All of Luca’s appearance was misleading. He’d gone grey by the time he was twenty-five and never, ever considered putting the old boot polish to it. That grey hair lent him not only a gravitas, but an unearned wholesomeness. He was blandly handsome in a way which meant he could possibly be mistaken for a sage, gentle soul. But it was all so obviously a lie. No man makes the leap from small-time gangster in Cardiff to mid-time gangster in London without having something incredibly ruthless about him.
I knew some of the things he’d got up to back in Cardiff. Seen a friend of a friend who’d wound up the wrong side of Luca and a cricket bat. I really didn’t want to know what kind of things he’d done since he’d made the big-time. Or what he had to do to get there.
“He’s a short cockney stunt man,” I continued. “An alright sort, a decent bloke in the main, but he owes one of your bookies a hell of a lot of money.”
“Ah yes,” he said. “The man that Mr McGuinness has been going on and on about. I have to say, that if I wanted to go into business as some kind of bile manufacturing plant, I could do worse than connect Mr McGuinness to an extraction machine and have him talk about your friend, Sandibanks, for a few hours. The stuff just pours out of him. It seeps, it vomits. He seems to be obsessed, to generally have a thing for this Sandibanks. I don’t know why. After all, he’s not the only luck-starved cretin to end up owing a big pile of cash. He’s at the top end of the scale, certainly, but there are a lot of them out there. Careless, foolish men, all of them. Idiots who, if they know what’s good for them in the long term, really have to learn to pay off their debts.”

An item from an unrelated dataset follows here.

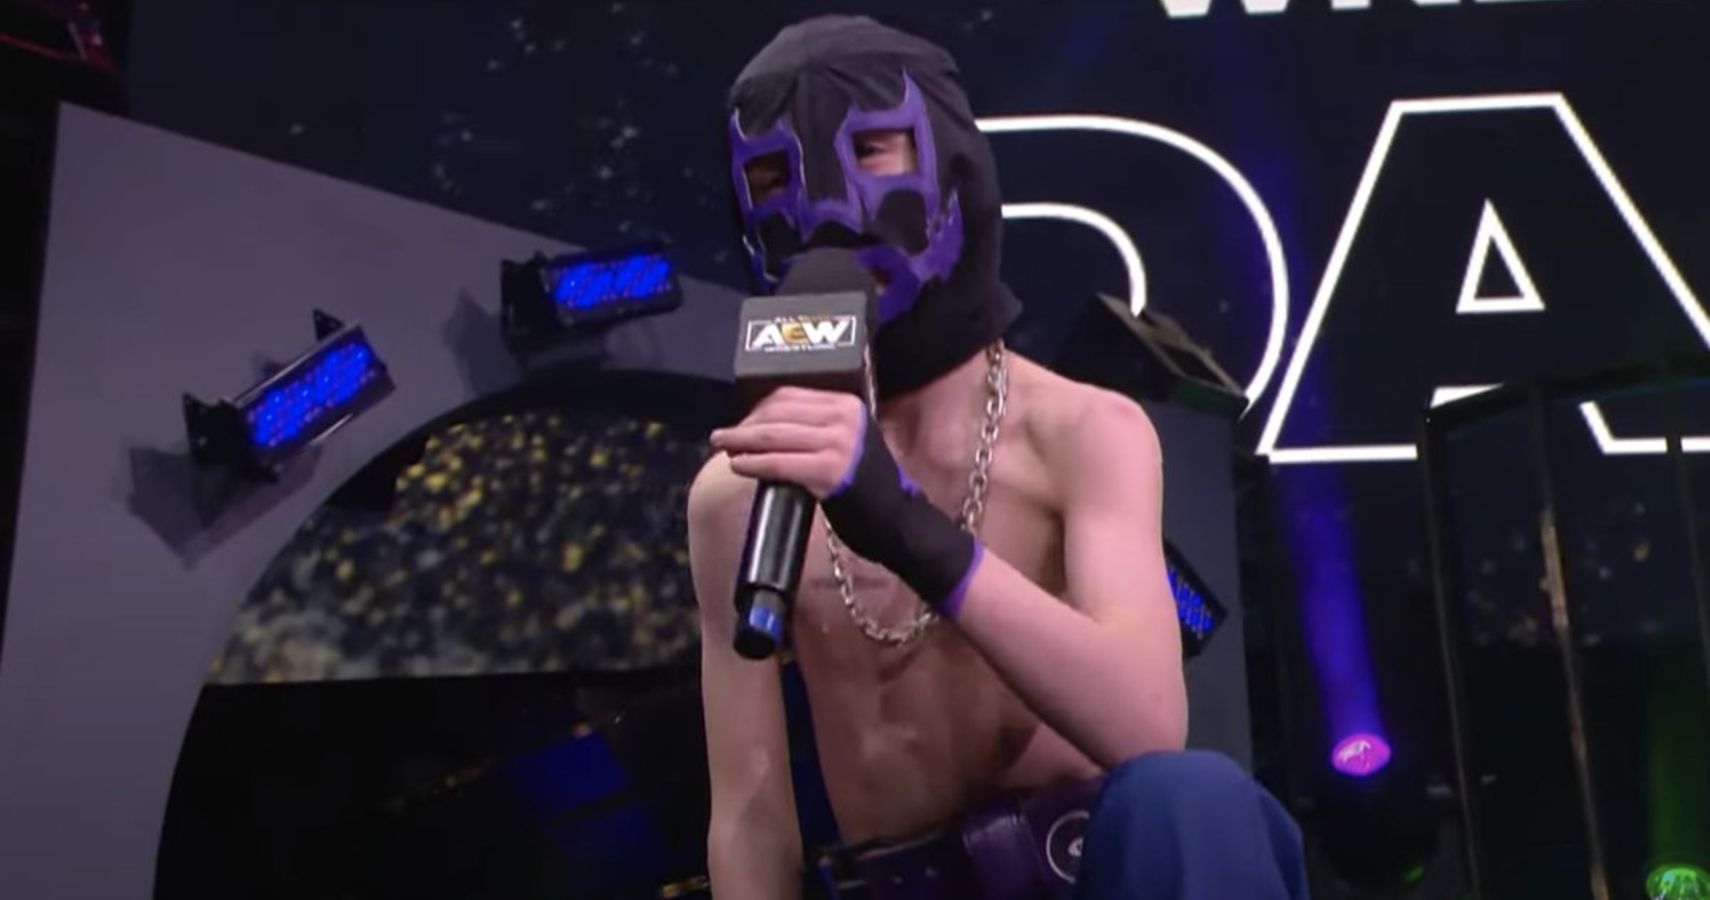 Brodie Huber Jr aka Negative 1 with comemorating the death of his late father Jon Huber aka Brodie Lee on AEW Dynamite

I agreed with a lot of what he said, but didn’t offer any comment of my own. “He came to me for help.”
“And help he most definitely needs. It is a bit of an ugly pickle he’s got himself into, isn’t it? Even without McGuinness’s vendetta, it’s a sorry pass he finds himself at.” He took a gulp of whisky and smiled without any real joy, before raising his chin to get me to join him. “But then, he is a grown man who made these bets of his own free will and should be expected to pay off any and all money he owes. These careless men always try to excuse their vices. They say that there’s something within them which compels them to do it. But the fact is that they’re in charge of their own destinies. They make their own choices. And if they choose to sail their ships into choppy waters, then on their own easily broken skulls be it. No bookie is going to work for my operation if I get into the habit of letting debts slide. It wouldn’t do. It wouldn’t do at all.”